Após este encontro, e alguma relutância, meu amigo retornou
poucos dias depois ao local para vê-lo mais uma vez. Foi informado pela trupe
de artistas que seu doente pai havia morrido e como último desejo lhe deixado uma maleta de couro e uma chave. Ao abrir
encontrou um relógio de pulso, o anel de casamento, uma navalha e um chapéu. O
simples relato de tudo isso fez meus olhos marejarem e por pouco não chorei.

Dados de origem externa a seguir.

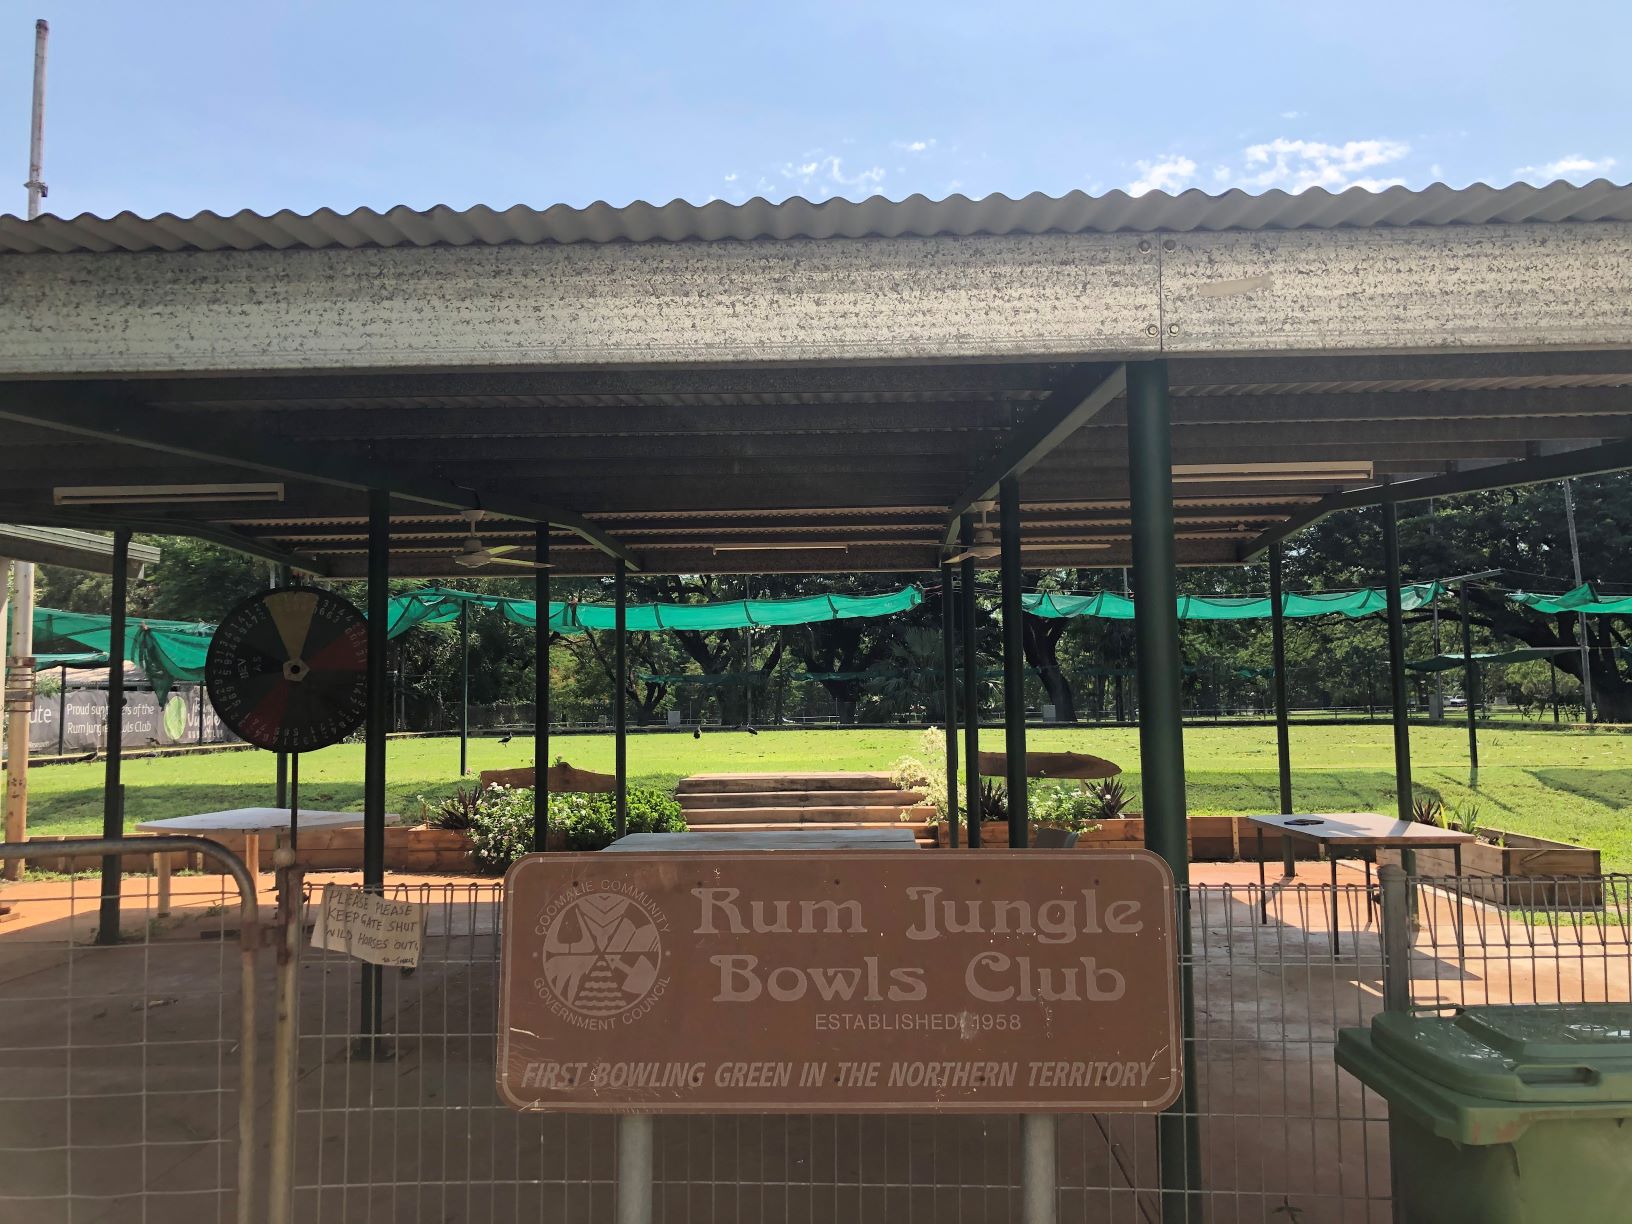 https://visitlitchfieldnt.com.au/wp-content/uploads/2019/12/Rum-Jungle-Bowls-Club-Sue-Mornane.jpg

Pouco tempo depois e ainda com a aquela história na cabeça tive
a alegria bizarra de presenciar um decadente espetáculo em um circo muito pobre
e improvisado que não possuía globo da morte, elefantes, nem trapezistas. O
principal momento do lastimável espetáculo se devia aos contorcionismos de uma
menina de uns 12 anos chamada Suellen. A magrelinha escapava de labirintos de
metal enquanto fazia evoluções com uma bola de plástico provando ser invertebrada,
tamanha era sua mobilidade e agilidade que se a Nadia Comaneci de 1976 visse a
Suellen desistiria da carreira.
Um urso nervoso, por estar aprisionado numa gaiola
minúscula, dava o tom melancólico do local. Nem é preciso dizer que a intenção
do riso naquele momento tinha sido trocada por um nó na garganta e um sorriso
meio amarelo do tipo “mas o que é que eu estou fazendo aqui ?” estampava o meu
rosto.
Claro que o universo circense sempre foi muito explorado,
cantado em verso e prosa e edulcorado para as massas como um pedacinho do céu
que desceu à terra. Nada mais falso.
Do drama pessoal do profeta Gentileza - testemunha ocular do
incêndio no Gran Circus Norte Americano, em 1961, em Niterói. 400 vítimas - ao fim destes espetáculos mambembes por pura
falta de local e porque não dizer público;
o show inventado séculos atrás viu sua morte lenta ser finalmente
decretada.
Sim. Ainda temos o Cirque Du Soleil, o Mister M, o Patati e
Patatá e os mágicos paraguaios que o Ratinho descobre de tempos em tempos...
Mas não é a mesma coisa.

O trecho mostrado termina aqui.